On Campus

What students are talking about today (October 15th edition)

Liberals up, Cubans defecting & art students protesting

ycanada_news/Flickr

1. In the wake of Justin Trudeau’s announcement that he will run for the Liberals, a new Nanos Research poll puts the party in second place for the first time since April. The Conservatives have 33.3 per cent support, the Liberals have 30.1 per cent and the NDP is at 27.9 per cent. The Liberals are now in first place in Ontario and B.C., while Quebec still strongly supports the NDP. The Conservatives gained in Atlantic Canada.

2. Three players from the Cuban men’s soccer team who vanished before a World Cup qualifying match in Toronto defected, according to FIFA.  “As with any Cuban sport team that travels around the world, they’re all chasing the American dream,” coach Alexander Gonzalez told The Canadian Press. Or the Canadian dream.

3. After five years preparing, Austrian daredevil Felix Baumgartner jumped from the edge of space on Sunday. He hit speeds of 1,336 kilmotres per hour after leaping from nearly 39 kilometres above the New Mexico desert. His free fall was four minutes long. He said he had tears in his eyes.

4. British Prime Minister David Cameron has agreed to a 2014 vote on Scottish independence.

5. Women in Guangzhou, China are shaving their heads to protest gender discrimination. University admissions are gained through a National Higher Entrance Exam, the Gaokao, and some universities require that women have higher test scores than men have to be admitted.

6. A sickening flier posted in the men’s washroom at a Miami University in Ohio listed the Top Ten Ways to Get Away with Rape, including things like slipping drugs into women’s drinks. There have been at 27 reported sexual assaults at the university since 2009, according to Cincinnati.com.

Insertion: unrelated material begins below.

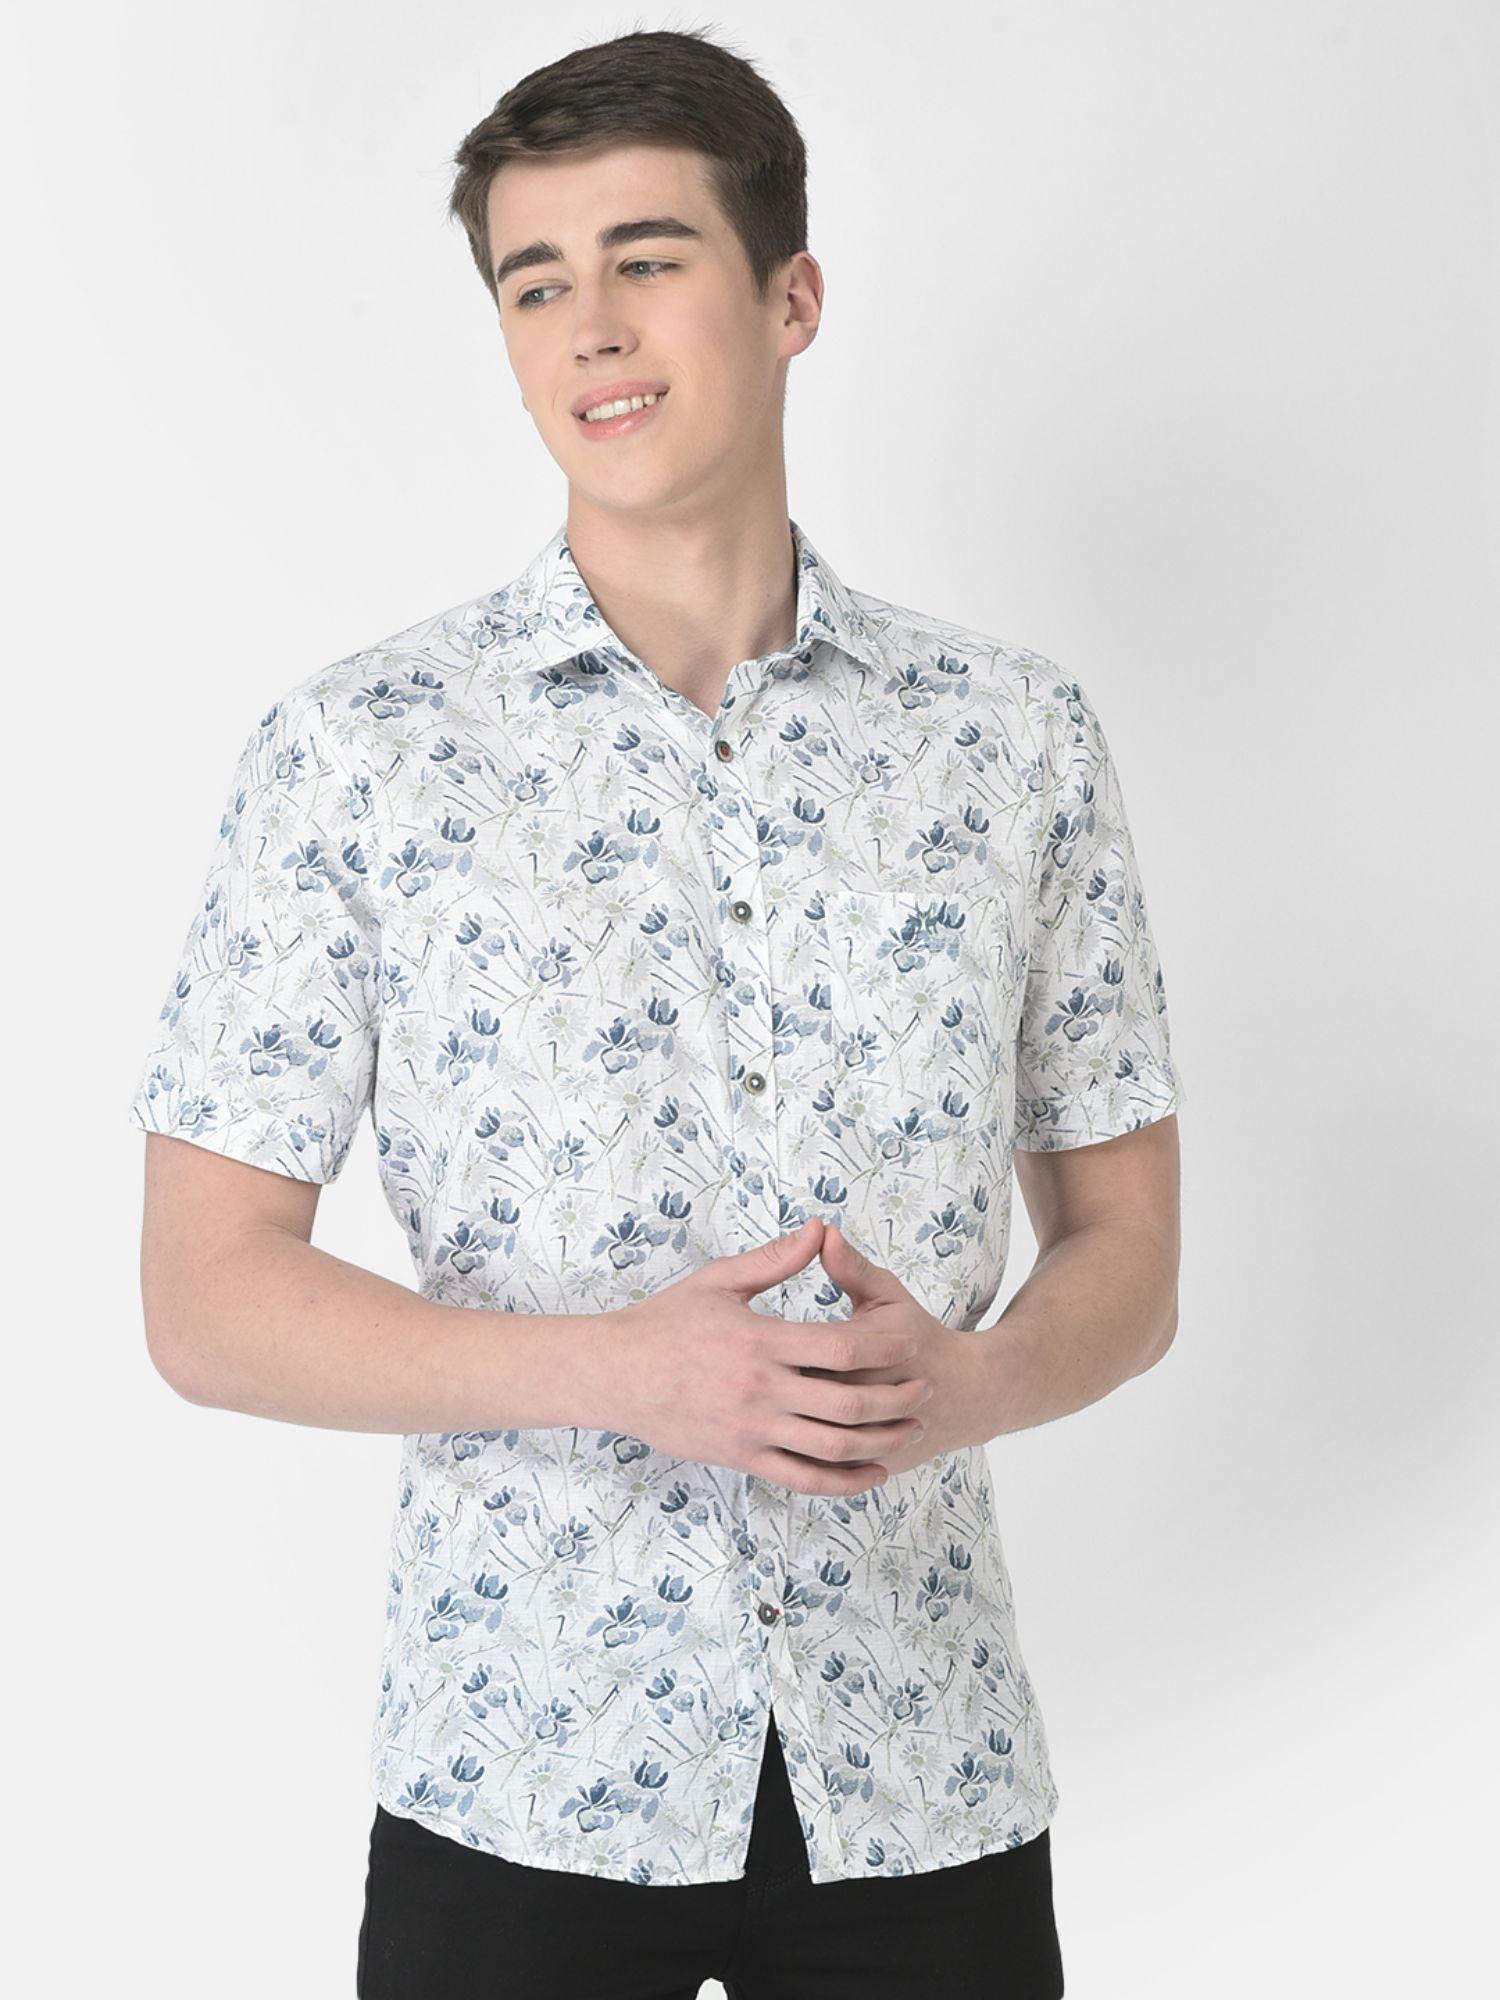 men white short-sleeved floral shirt

7. MPs will debate an NDP motion on Monday in favour of a national anti-bullying strategy following a weekend of vigils in remembrance of Amanda Todd, the 15-year-old Port Coquitlam, B.C. girl who killed herself last week after posting an anti-bullying video on YouTube.

8. RCMP say that they may lay charges related to Todd’s suicide.

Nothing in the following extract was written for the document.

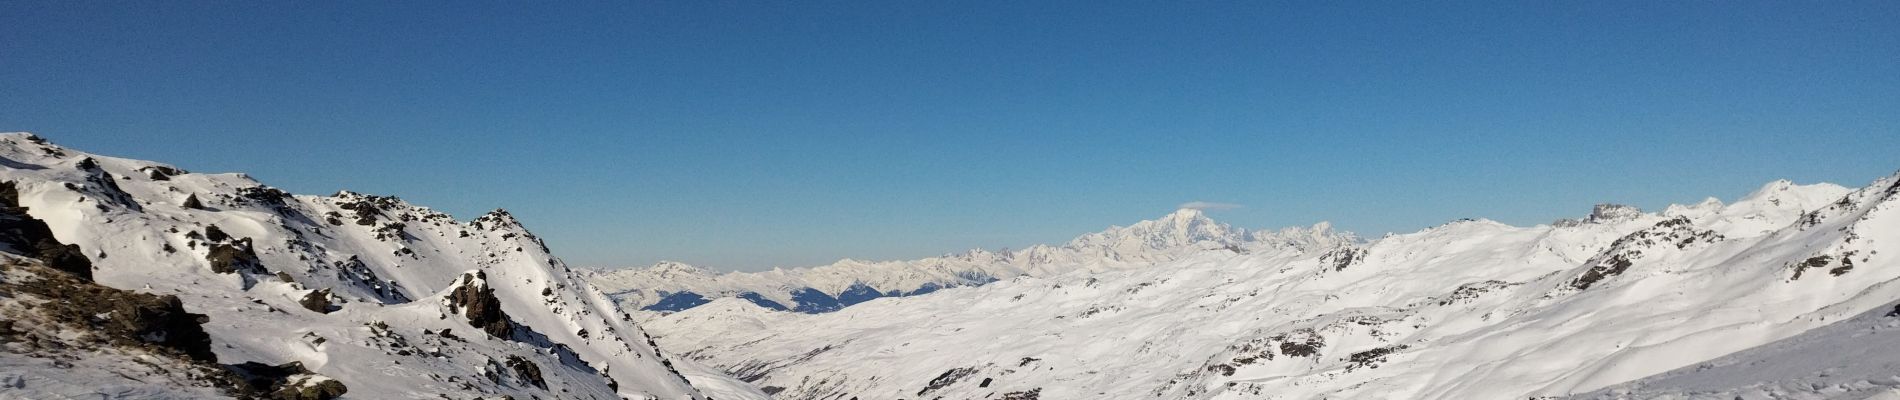 Randonnée Ski de randonnée Saint-Michel-de-Maurienne - Col de la vallée étroite  - Photo

9. The Montreal Gazette is asking whether Concordia University has “learned its lesson” after losing two presidents in three years and paying millions of dollars in severance and fines. Concordia says it is acting on most of the recommendations of an external review.

10. Art students from OCAD University in Toronto are supporting Soupstock 2012, a gathering over more than 160 Canadian chefs that is a fundraiser against a planned mega-quarry on farmland near Shelburne, Ont. They set up a poster exhibit against the mega-quarry at a local restaurant.